I'm starting to wish this had more to do with sleeping.

Our garden has long been unloved. Well, perhaps not unloved as the kids certainly love it, but definitely untended! We have attempted to tame elements of it in the four years we've been here, but a lot of that has just been tearing out old and massively overgrown shrubs (I think the garden was described as 'mature' in the estate agent's listing) and not ever really coming up with a plan to plant it back up. There are 8 foot flowerbeds cut down either side of the garden, and doing anything can feel a bit overwhelming, you get on top of the weeds in one corner, turn around to do something else and they just swarm back in again - last year I spend three solid days just digging out ground elder. Planting vegetables each year always ends in disaster, partly as I'm almost incapable of spacing things out correctly, but even when the soil's been turned over digging things in is actually quite hard.


This year husband ordered raised beds - four of them. The plan is that this will make at least one side of the garden more managable - at least once they're in - you can see in the photo the hight of soil that needs to be cut away for each of them to be placed. I expect by the end of this Ed's arm muscles will be back to what they were when I first met him and he had time to visit the gym four times a week.


But digging out the soil and screwing the frame pieces together is only half the task. Husband insists that alll the soil must be stuck through a riddle before it goes back in - this is rather an excessive amount of

riddling. We already have a large pile of stones and only one bed has been done.


Luckily Pip absolutely loves being in the garden. He keeping getting his wellies and coat out and trying to convince us to let him go out again. He's a very mellow wee chap, but there are definite signs of terrible two's tantrums if you take him inside before he's ready. When I went out this morning to hang some laundry, he was very cross he wasn't being taken too and tried to follow me out the cat flap. This unfortunatly I failed to photograph.


But I did put his waterproofs on (I have already done enough laundry this week) and we went out and dug for most of the morning. He sat happily digging and investigating things and being about the lowest maintenance toddler one could ever hope for. He did try eating a little soil later on, but it was only a little and it's apparently very good for developing immune systems...
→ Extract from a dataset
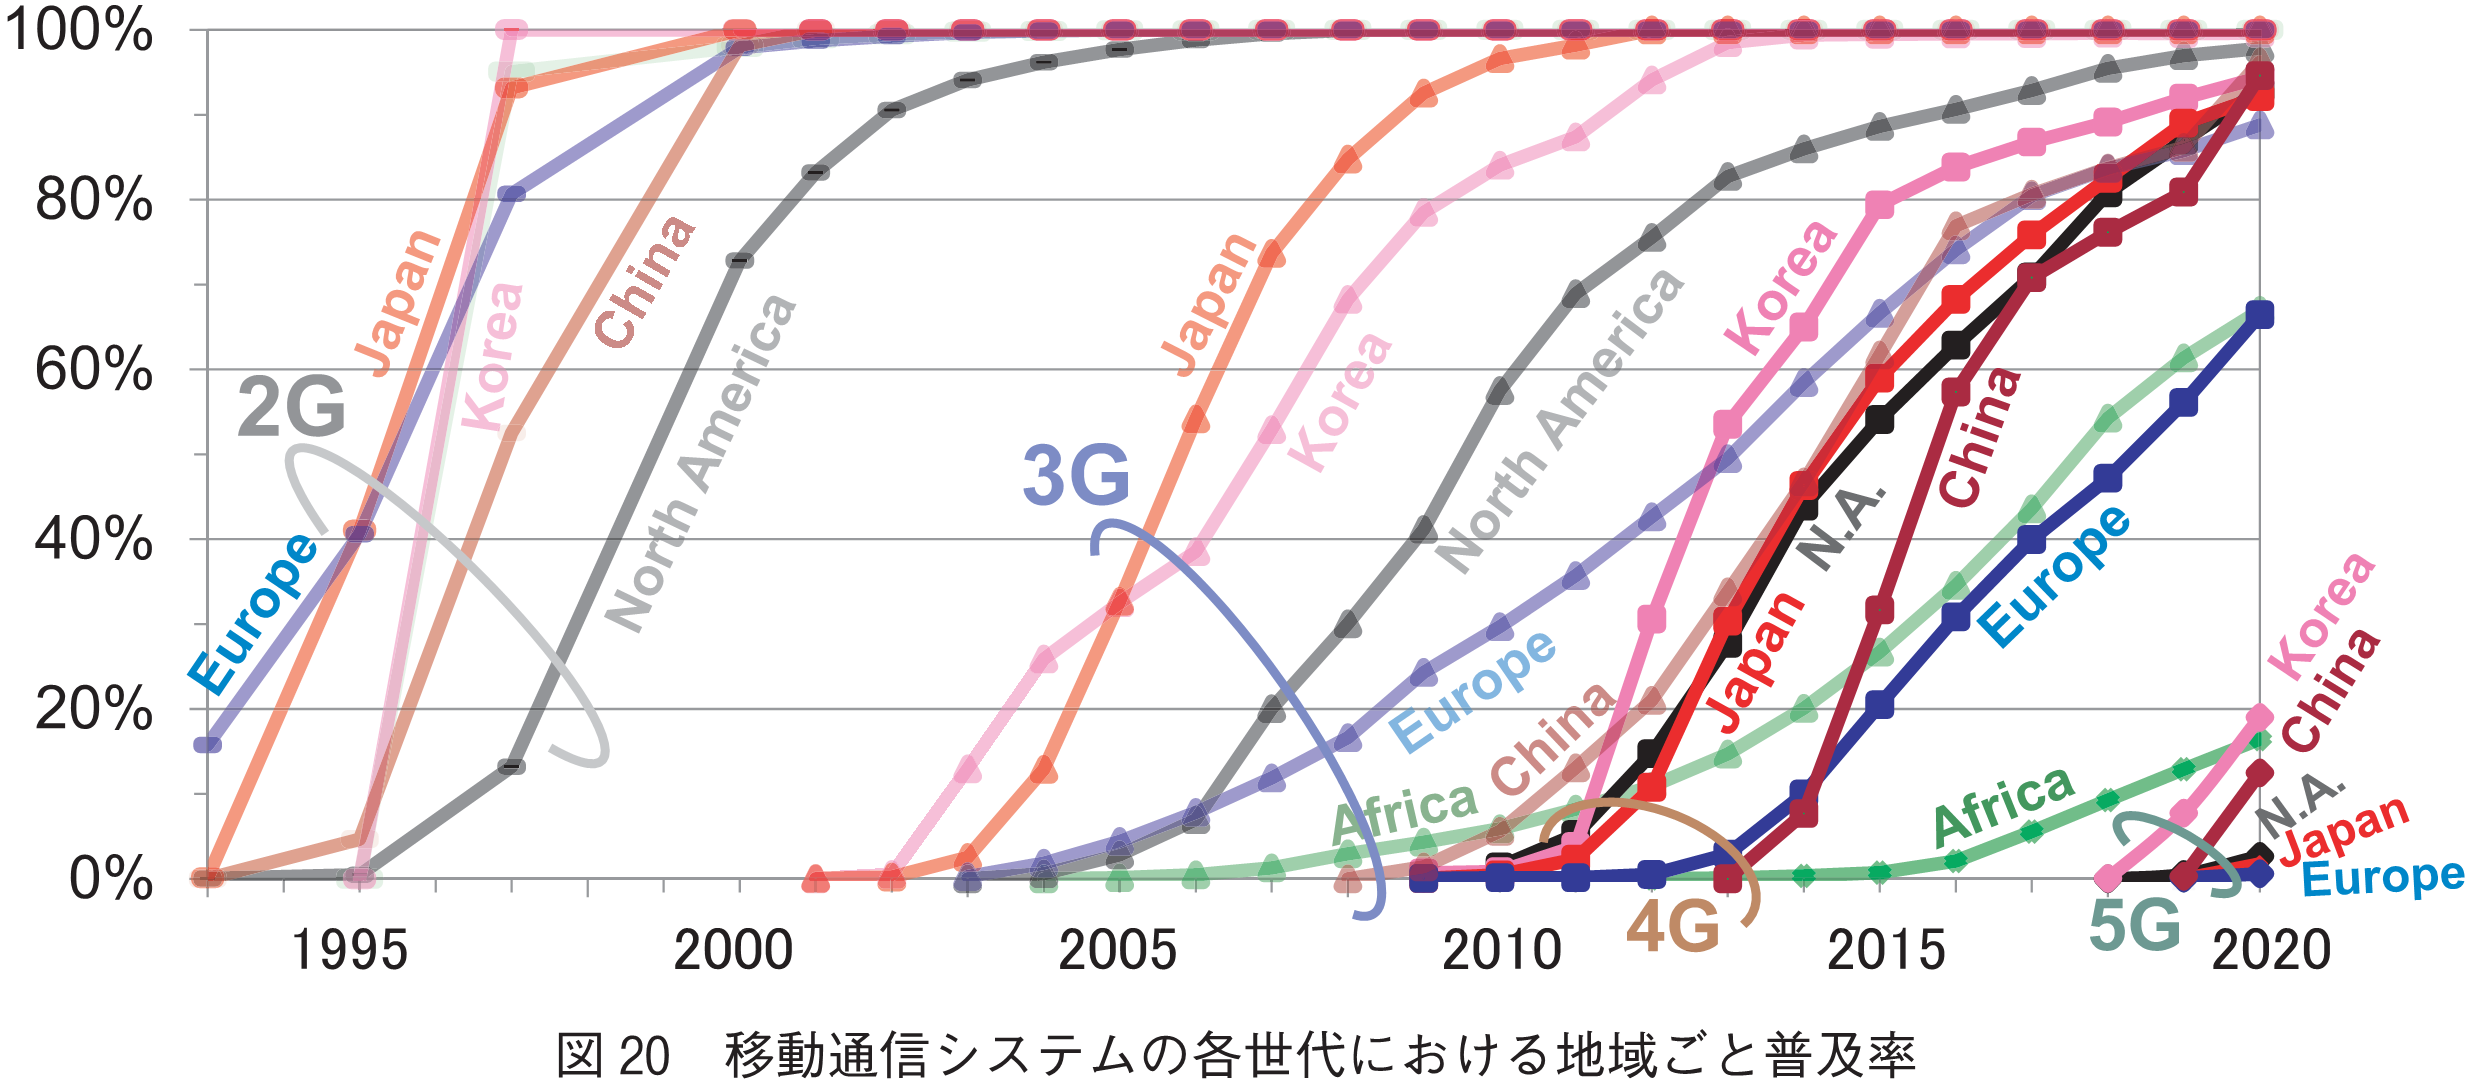 図20　移動通信システムの各世代における地域ごと普及率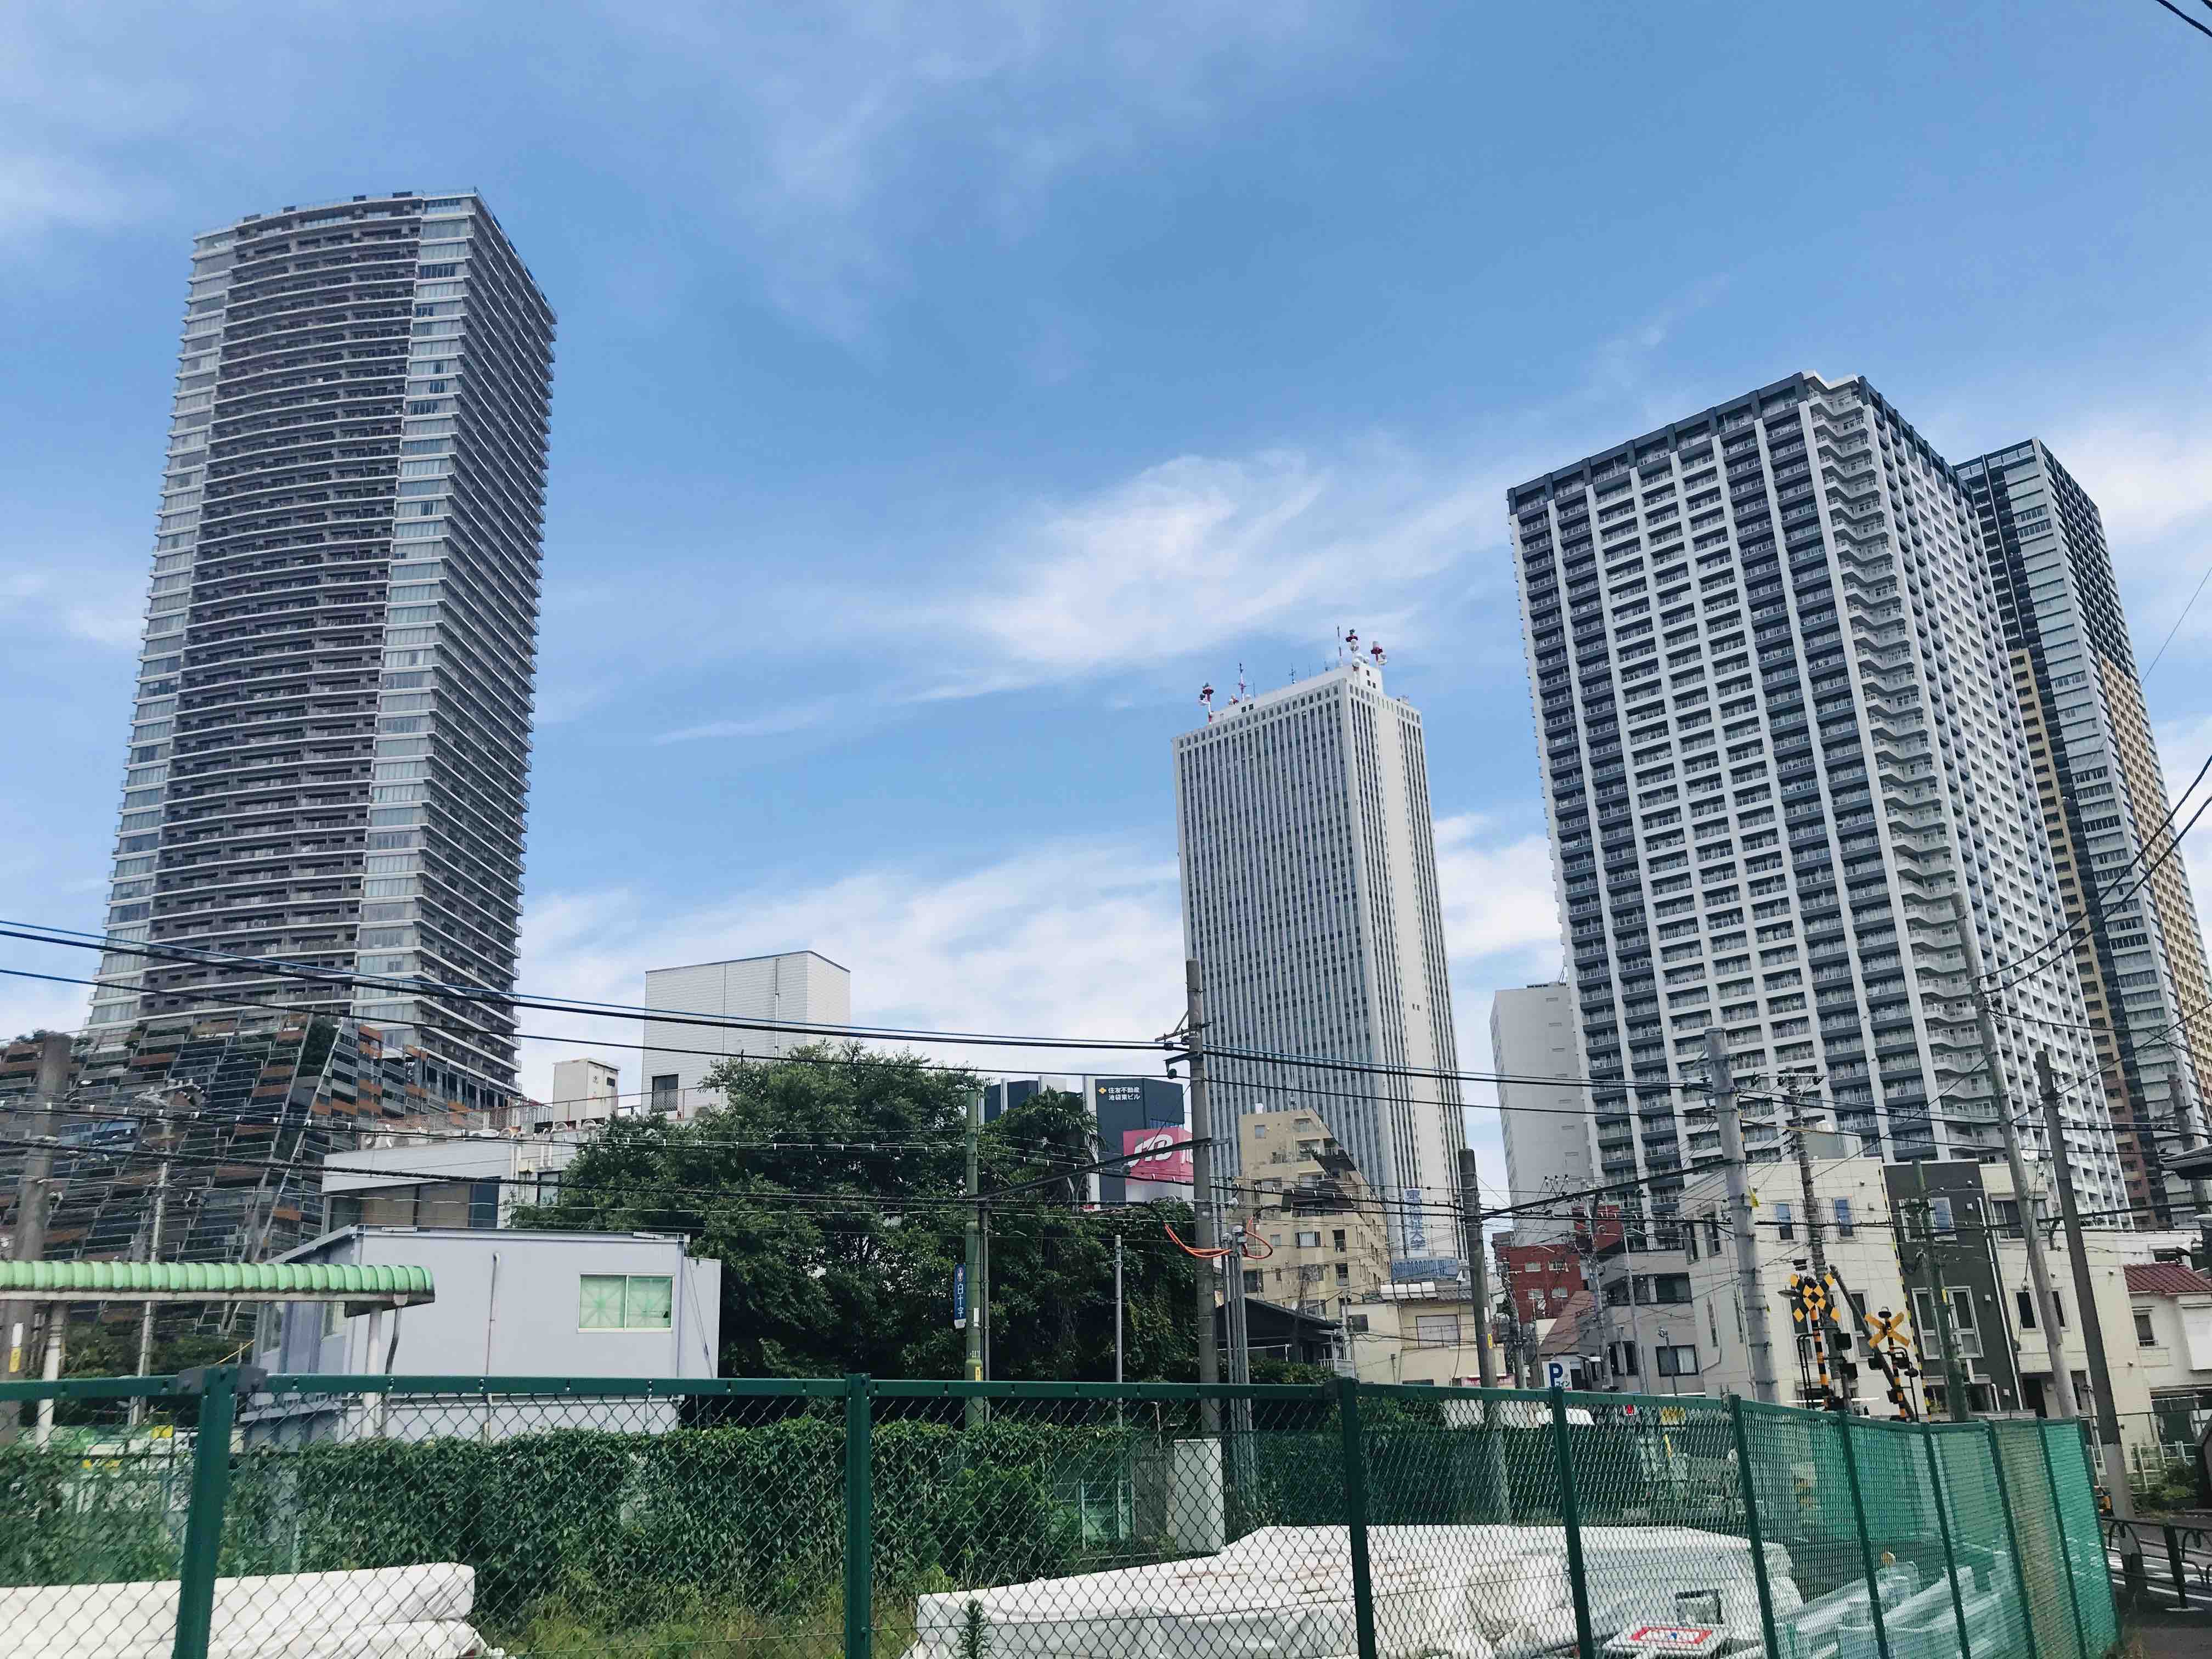 左が豊島区役所（49階）のある豊島エコミューザタウン。中央が池袋サンシャイン（60階）右が東池袋駅直結のエアライズタワー（42階） 写真手前側の敷地で大規模な再開発が予定されている。（南池袋２丁目再開発予定地、2020年6月撮影）

By the end of play today (I went to see the horse, he was lame) we'd managed to get the first two beds in, one filled and the other started. I think we're off for an adventure tomorrow, so the next two might have to wait for next weekend, but I think I'm fine with that as my hands and back are pretty stiff from all the digging and riddling. I did manage to put a few peas in, and I've got some tomato plants almost ready to join in the fun. There is also the prospect of seeds going straight into soil that doesn't resemble concrete.